- _Supplied material_
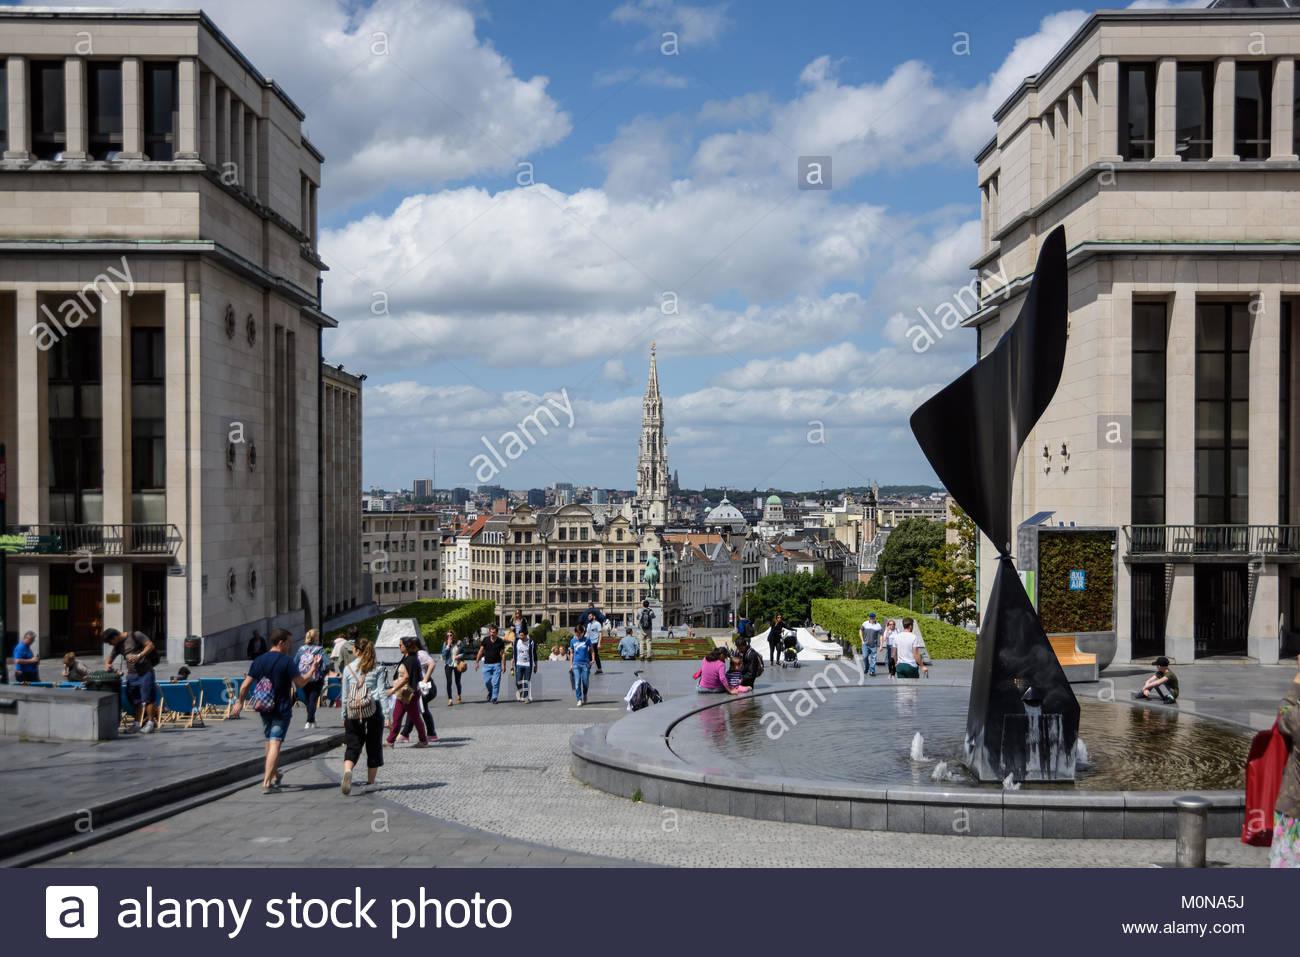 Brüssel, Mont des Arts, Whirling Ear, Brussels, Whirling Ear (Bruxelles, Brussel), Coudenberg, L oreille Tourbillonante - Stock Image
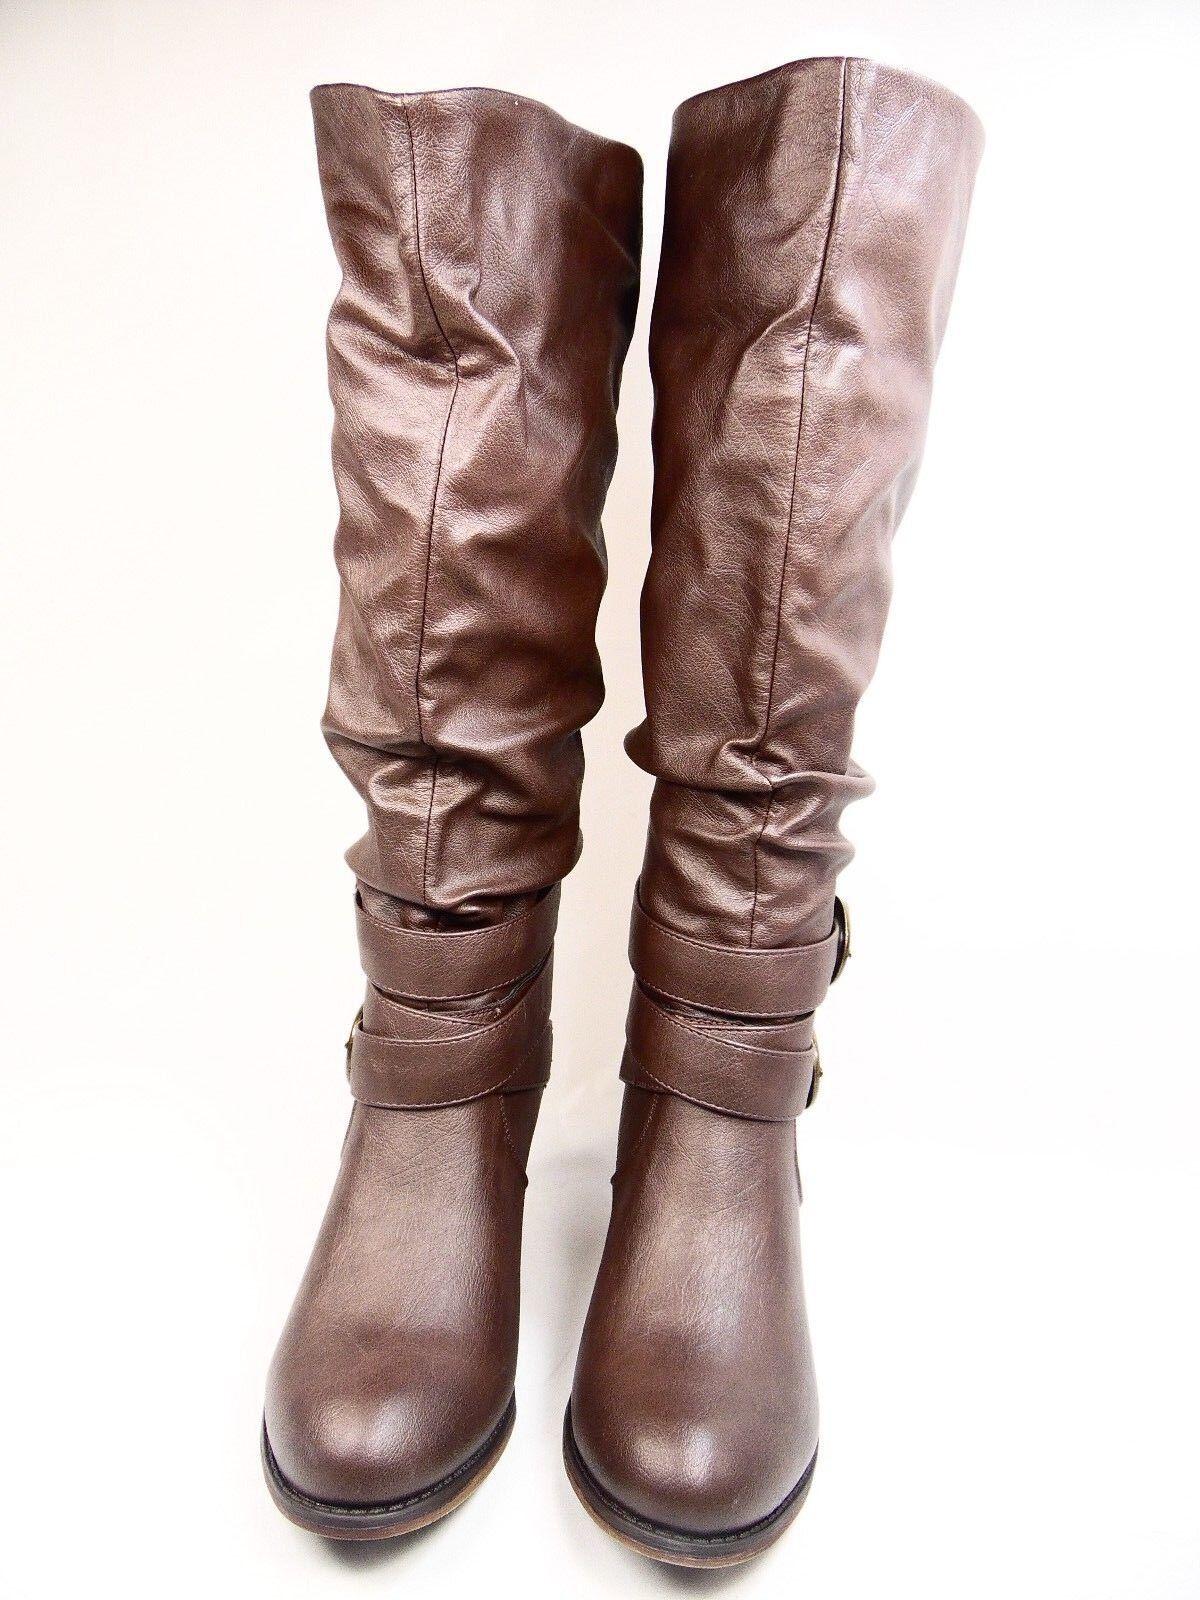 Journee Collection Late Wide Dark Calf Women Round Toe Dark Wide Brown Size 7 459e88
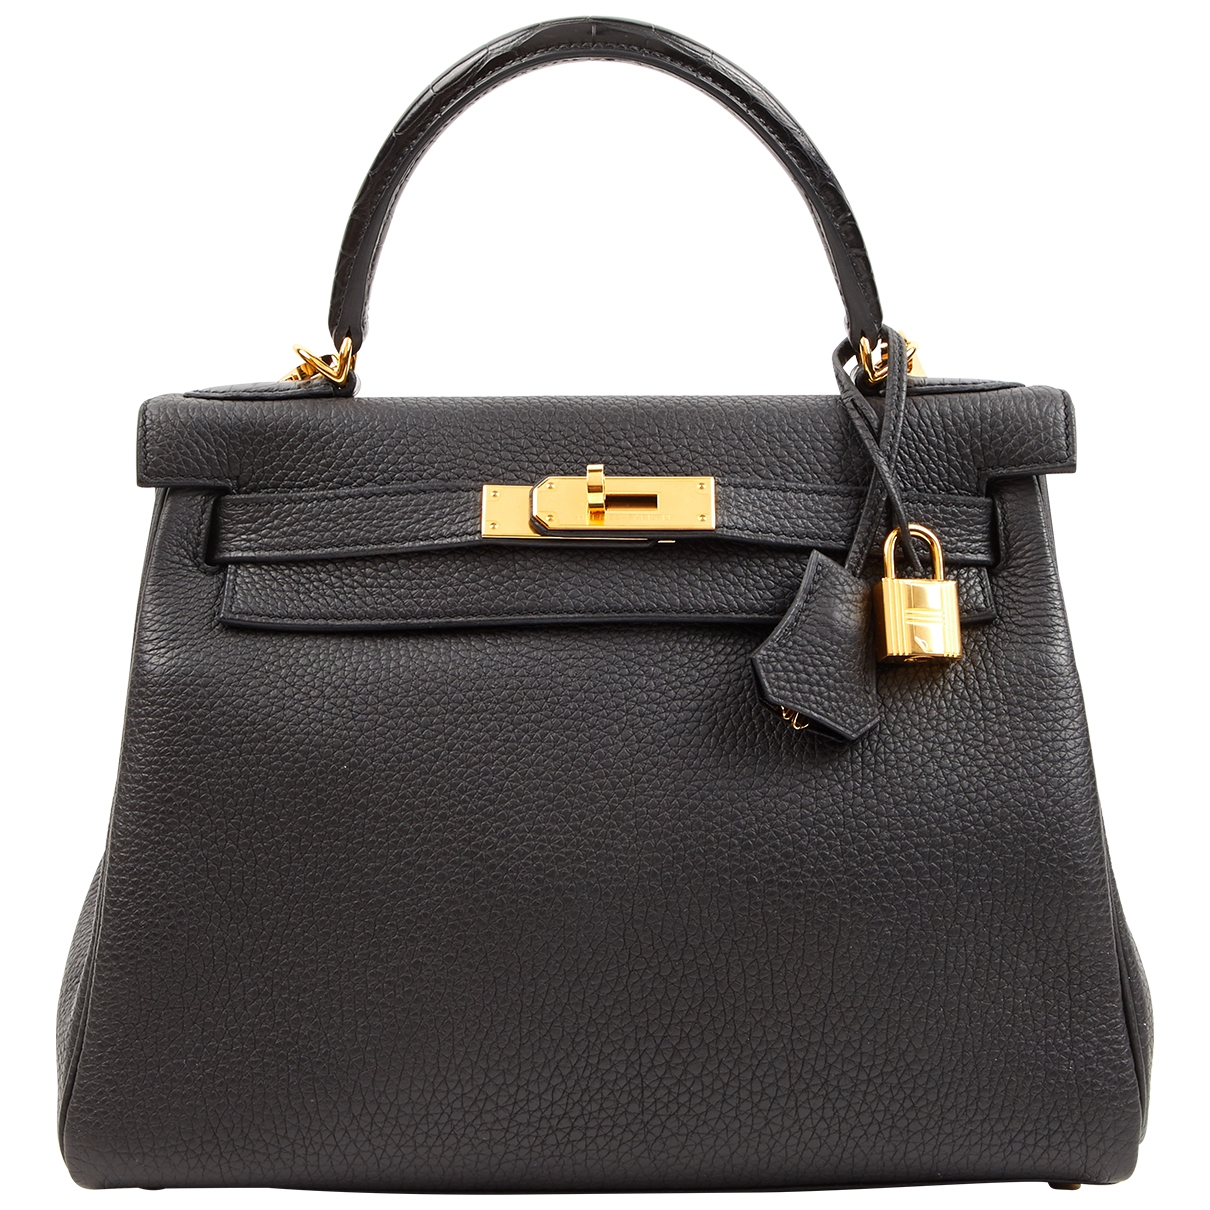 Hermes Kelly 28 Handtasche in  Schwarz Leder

- _Exercise instructions_
An exact copy of the listing is required; return it without any pictures.

- _Written response_
 Brüssel, Mont des Arts, Whirling Ear, Brussels, Whirling Ear (Bruxelles, Brussel), Coudenberg, L oreille Tourbillonante - Stock Image
 Journee Collection Late Wide Dark Calf Women Round Toe Dark Wide Brown Size 7 459e88
 Hermes Kelly 28 Handtasche in  Schwarz Leder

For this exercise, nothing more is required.